Until now, the Capstone teams have been advised by DSI’s industry affiliates, who assign projects and data sets to the students and mentor them them through their research. The Data Science Institute sponsors the Industry Affiliates Program to to develop mutually beneficial interactions with its industry partners. And based on the success of the industry-sponsored Capstones, DSI has built a parallel program that pairs student teams with Columbia faculty advisers. The faculty-advised Capstones offer students a chance to work on “cutting-edge academic research across the university,” says Tian Zheng, associate director for education at DSI and professor of statistics at Columbia.

This semester, eight Capstone teams are working on fundamental academic research with professors, adds Zheng, who originated the idea for the faculty-sponsored Capstones. Each of the eight projects was approved by a DSI committee and all of the projects support the Institute’s overarching goal to use “data for good.” Whereas industry-sponsored projects seek solutions to problems in the private sector, the faculty-sponsored projects focus on solving challenges within fundamental academic research.

“I’m really excited by the breadth of the research and caliber of the faculty advisers,” says Zheng. “With direction from faculty, the teams will use data science to enhance several fields of research at Columbia, such as biology, nursing, neuroscience and space studies. It’s a way of expanding our Capstone program to offer students a chance to conduct either industry or academic research, depending on their interests and inclinations.”

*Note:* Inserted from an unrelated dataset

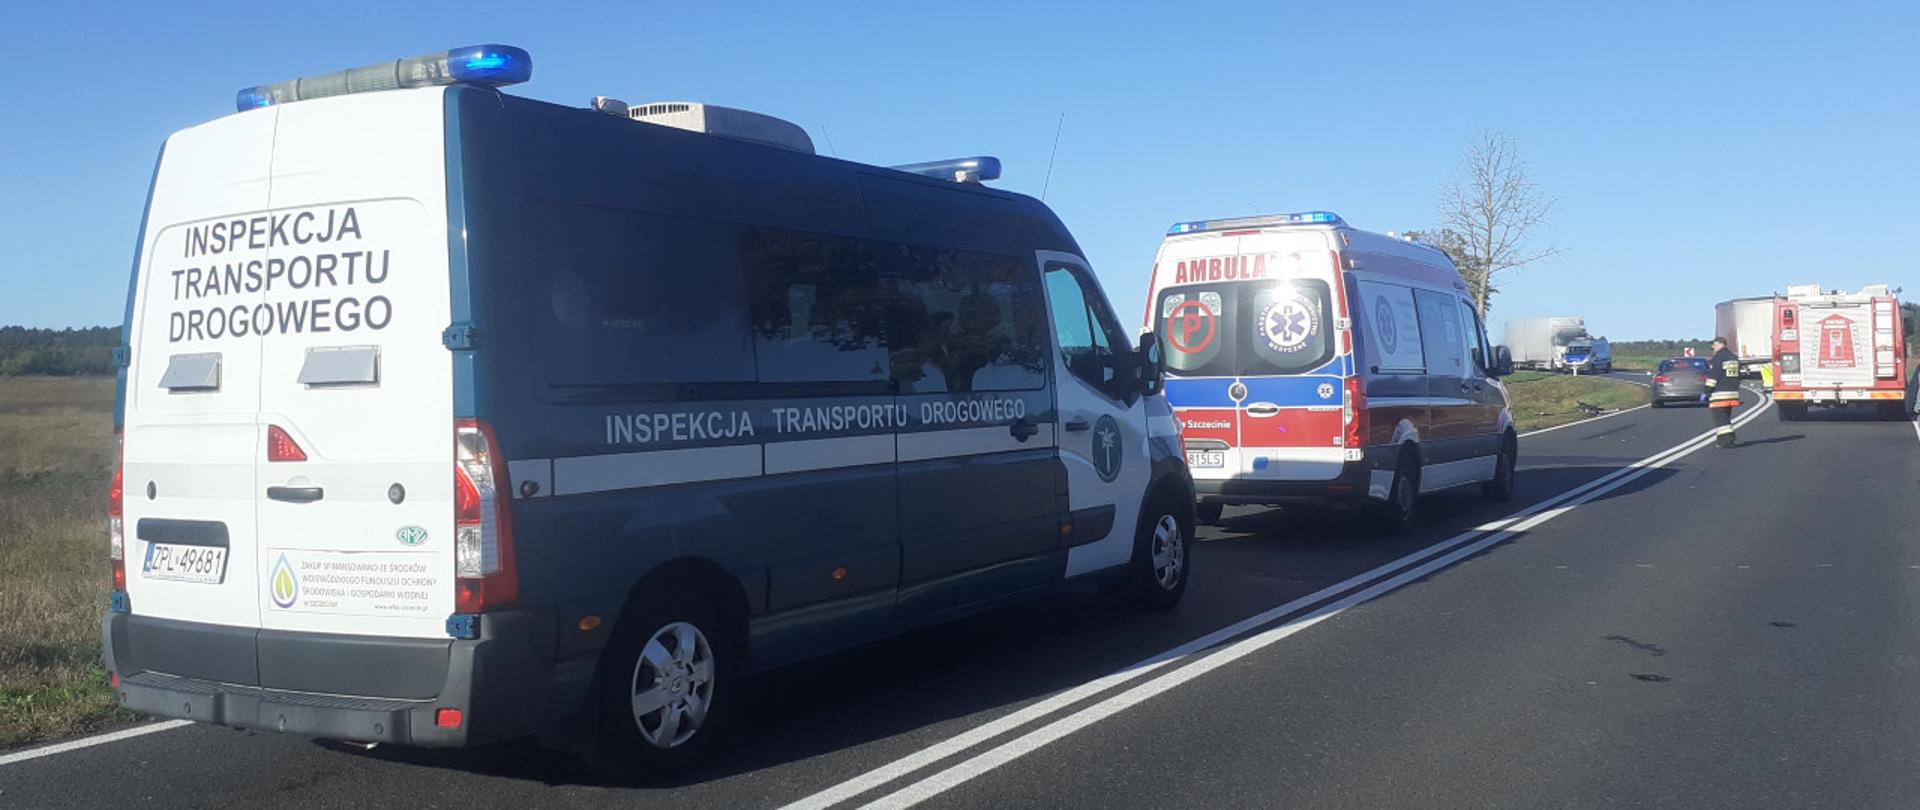 Patrol zachodniopomorskiej Inspekcji Transportu Drogowego na miejscu śmiertelnego wypadku koło Wałcza.
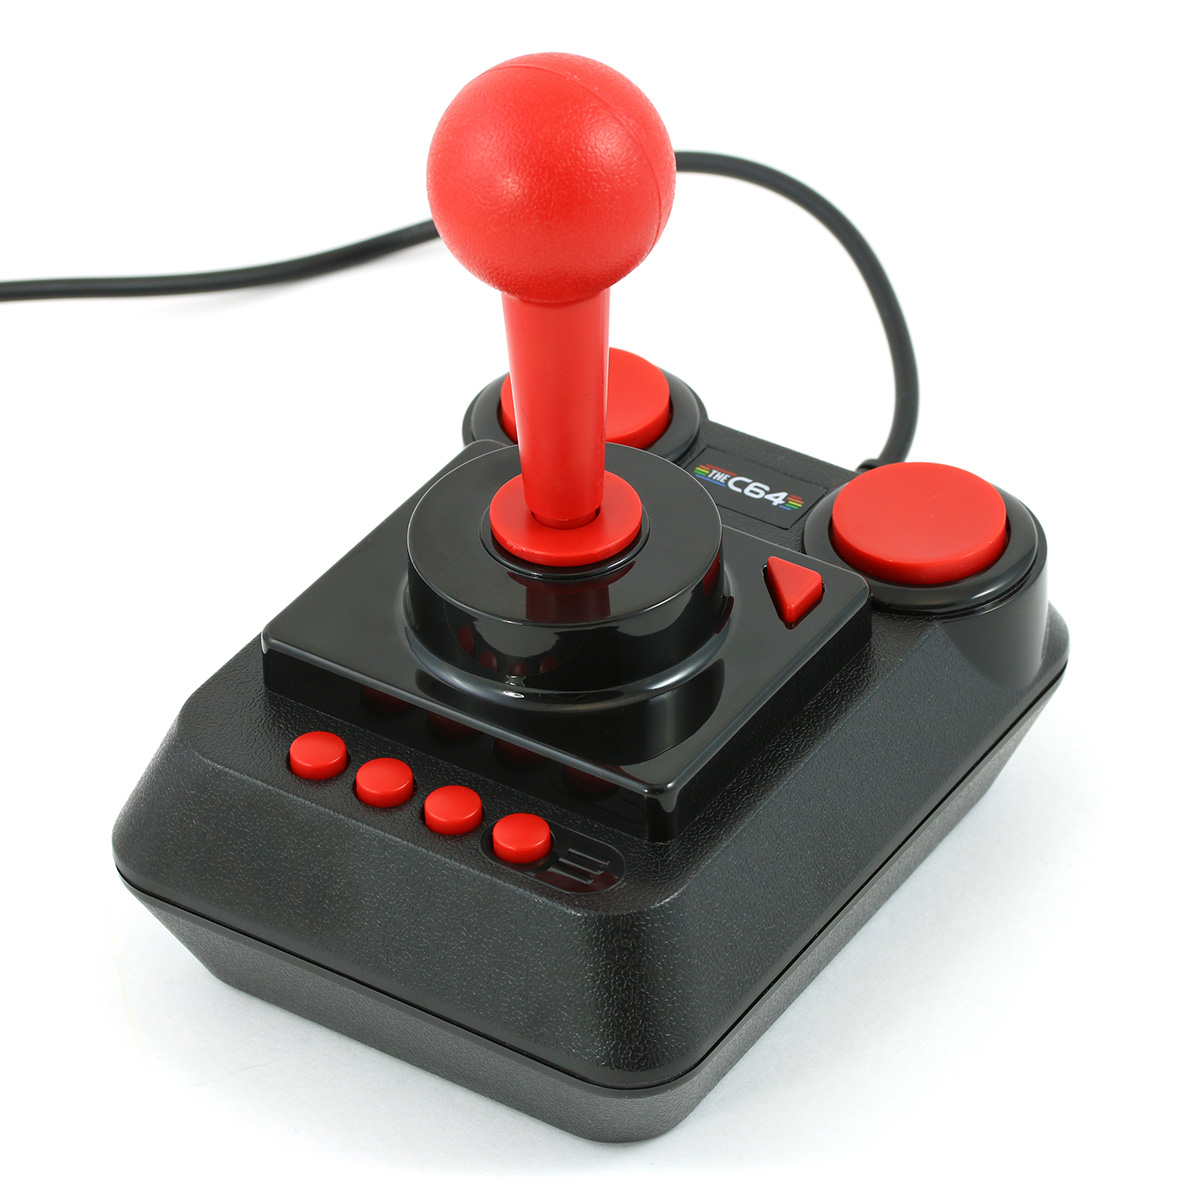 Retro Games Ltd - C64 Mini Image 6

The eight academic projects are as follows

  • Using Climate Data to Predict Heavy Snowfalls (2 Teams)
  • Broadband Internet Availability
  • Studying the Formation of Biofilms to Diagnose and Treat Infection
  • Supporting the Caregivers of People with Alzheimer’s and Dementia
  • Understanding the Genetic Basis of Exploratory Behavior in Animals
  • Turbulence in Environmental Flows
  • Monitoring Carbon Sink to Predict Climate Change

Using Climate Data to Predict Heavy Snowfalls

Gavin SchmidtAs the earth gets warmer, two predicted consequences are that there will be more water vapor in the atmosphere (about a 7 percent increase in water vapor for every degree C warming) and more intense precipitation. Observations have confirmed these increases in recent decades. But what effect will these increases have on winter snow storms? Does this mean increased snowfall or less because it’s warmer, and will the storms become more or less damaging? This team will use a large data set (700 gigabytes) of 50 regional climate simulations covering the North American East Coast region from Georgia to Newfoundland. The climate data come from Ouranos, a consortium in Montreal that conducts regional climate simulations in North America. The team will calculate the frequency of large snow storms and track how the storm statistics will change regionally every decade through 2100. Observations suggest that there has been an uptick in the biggest snowstorms in parts of the region over the last ten years, even as the climate of the earth has warmed. The team will analyze the model statistics and determine whether this is indeed a signal of climate change or a function of natural variability. Being able to predict big storms is important, since heavy snowfalls along the East Coast are expensive to contend with and can have a major disruptive influence. Having more accurate predictions of what to expect could thus help emergency officials plan for and mitigate the harm from big snow storms.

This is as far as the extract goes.